Alrun Fischer, Betriebsräte-Beraterin und Inhaberin der AFB, Markus Hertwig, Sozialwissenschaftler an der Technischen Universität Chemnitz, Sissy Morgenroth wissenschaftliche Mitarbeiterin bei AFB, Oliver Thünken, wissenschaftlicher Mitarbeiter an der Technischen Universität Chemnitz, untersuchten die Strategien von Arbeitgebern zur Abwehr betrieblicher Mitbestimmung

„Die Motivlagen der Arbeitgeber, gegen Betriebsräte oder Gewerkschaften zu agitieren, sind vielfältig.

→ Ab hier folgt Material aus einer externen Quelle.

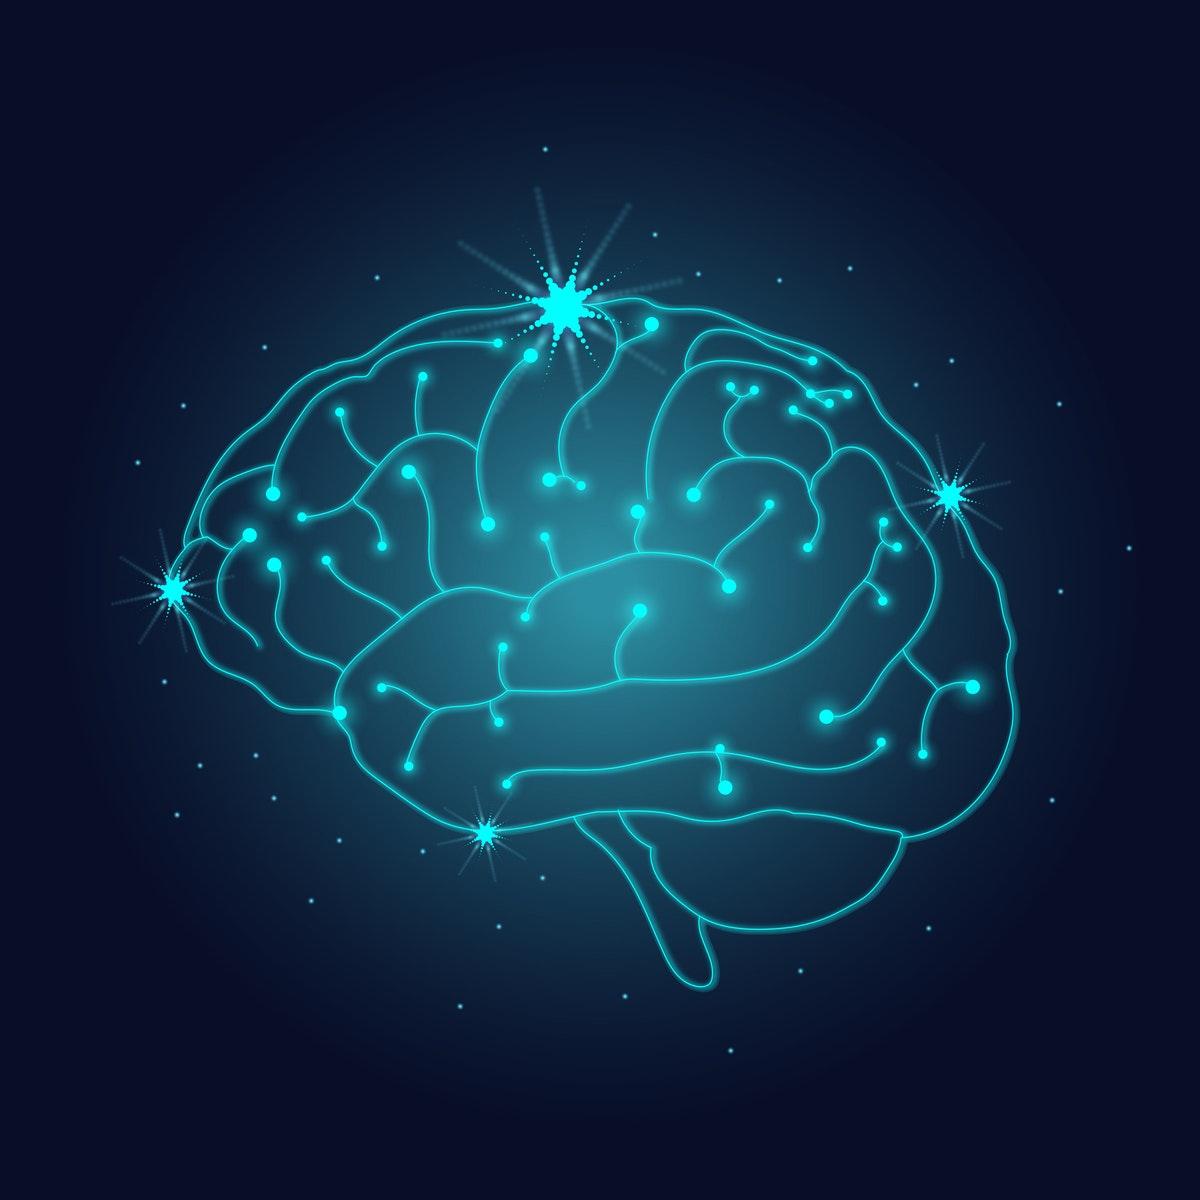 artificial-intelligence-brain-robotic-system.jpg

Prominent, weil auch in Medien z.T. offensiv vertreten, ist eine ideologisch verbrämte Totalverweigerung: Aus Sicht einiger Unternehmer macht die Mitbestimmung es (ihnen) unmöglich, ein Unternehmen (wirtschaftlich erfolgreich) zu führen. Unser Arbeitgebertypus des »strategischen Verhinderns von Mitbestimmung« (vgl. Kapitel 5) charakterisiert die Facetten dieser Orientierung recht anschaulich. Die Verweigerungshaltung entlädt sich in harten, strategisch geplanten Maßnahmen gegen Betriebsräte, Gewerkschaften und Individuen, die z.T. enorme Ressourcen verschlingen – darunter Zeitressourcen und innerbetriebliche Kosten, aber auch horrende Ausgaben für Union-Busting-Anwälte und Gerichtsverfahren…“ (Auszug von Seite 215)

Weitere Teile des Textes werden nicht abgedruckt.